Ng: We have been participating actively in this international debate about sovereign wealth funds. We have been working with the U.S. Treasury on some of their initiatives and we have participated in discussions led by the IMF. We feel there is a great need to clarify the issues. Sovereign wealth funds are not a homogenous group. I don’t think any government in the world would seriously think that Singapore could be a dangerous investor, because we are a small participant in the global economy and because of the way we have conducted ourselves. So we are concerned that we might get unfairly tainted in the current controversy.
We have been operating for 27 years and I think it is probably better for you to get an opinion about the GIC from the people we do business with or people who know us than to listen to propaganda from me. At the same time, although we do not wish to be a high-profile investor in any way, we are willing to make certain disclosures which would improve things in the area of transparency. But I think such disclosure standards have to take into account the particular circumstances of each sovereign wealth fund, and certainly we feel that a one-size-fits-all approach is inappropriate. We think that it is in the interest of both sovereign wealth funds and recipient countries to avoid restrictions on free trade and free investment, which would be undesirable for both parties.
Garten: Is there anything that you would like to add by way of clarifying the GIC’s role, insofar as you think it is not well under-stood by the public outside of Singapore?
Ng: I think by and large the external world understands GIC quite well. As a long-term investor I think we have a contribution to make to global market stability. Our primary goal is to achieve long-term returns responsibly. There is a lot to be said for having a set of market participants who are concerned with long-term invest-ment results as opposed to short-term, mark-to-market gains.

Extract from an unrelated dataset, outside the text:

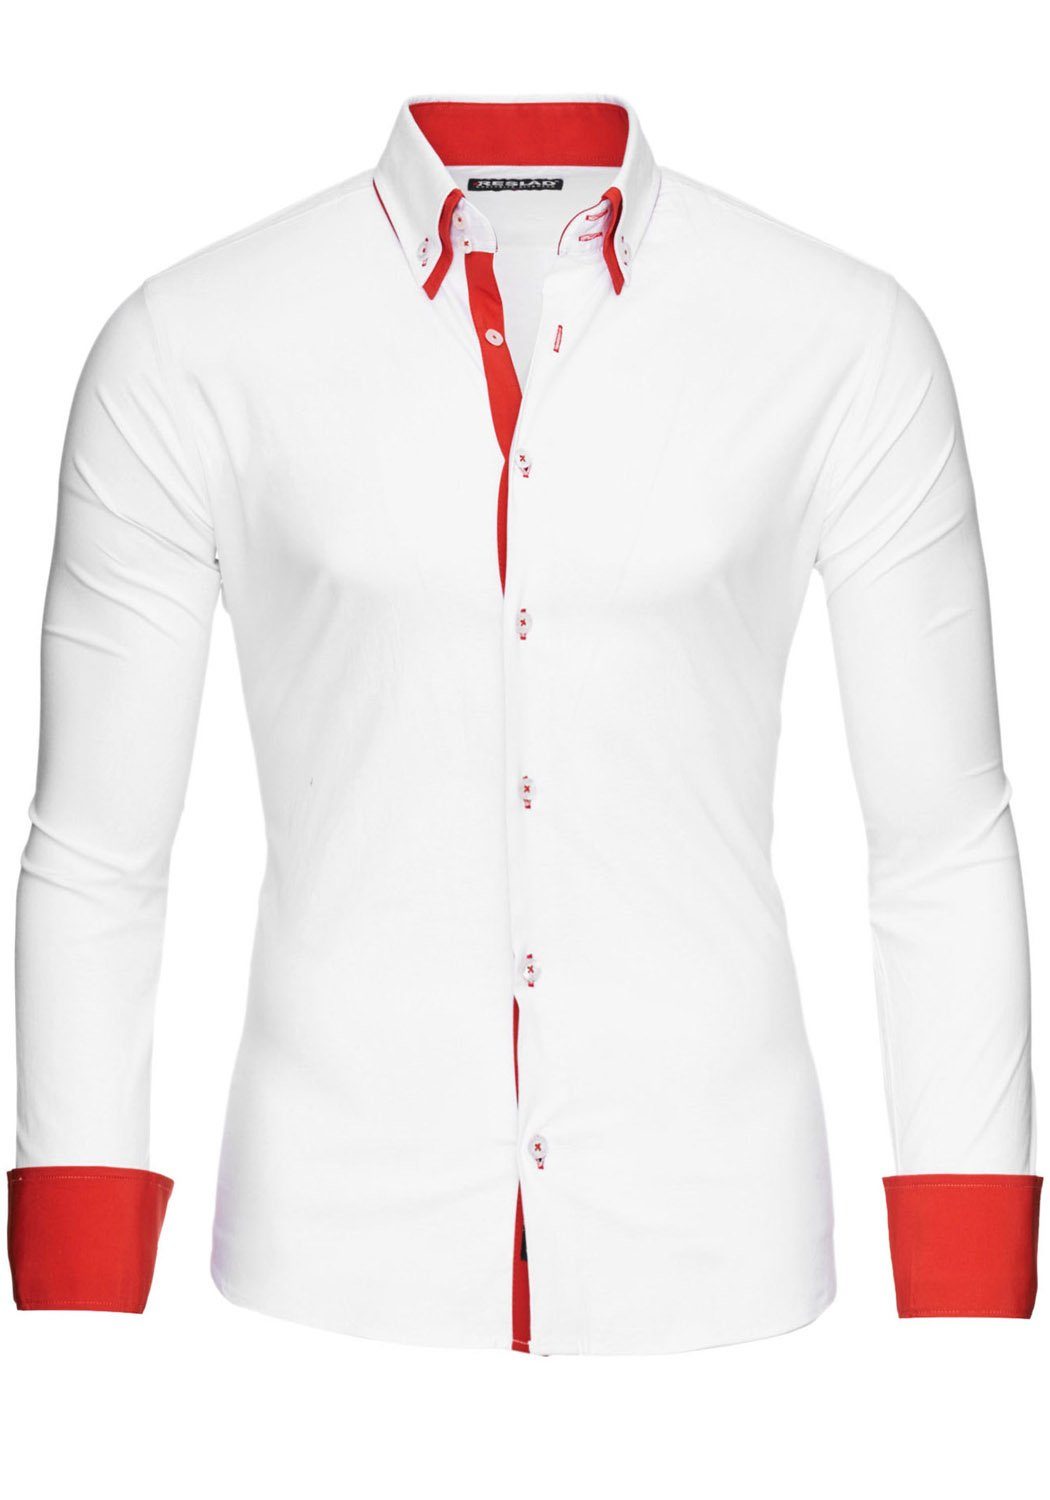 Reslad Langarmhemd Reslad Herren Langarm Hemd Alabama RS-7050 Doppelkragen Kontrast Männer Hemden

I feel that we have fulfilled that role, and our record stands for itself. In the last 25 years, we’ve been able to accomplish quite satisfactory investment returns. We have made 9.5% in U.S. dollar terms per year on average, and that’s a real return over global inflation of about 5.3%. We want to be able to continue to discharge our responsibility to the people of Singapore.
It is not part of our responsibility to go and advise other people on how to manage their sovereign wealth funds, but we do get a lot of requests from new sovereign wealth funds who would like to learn from the GIC’s experiences, as well as our mistakes. We basically feel that there are some fundamentals that need to be in place. The number one is to have clarity of objective. It is very important for any investment portfolio to be clear about its investment objective, because that will enable it to hold on to its long-term character. Secondly, I think, as a sovereign wealth fund, it is so important for us to be able to demonstrate to the world that our corporate governance ensures that our fund is invested in a commercial way with no government interference or intervention in specific investment decisions, that we have no control agenda, and that we have no political objectives in the way we invest our money.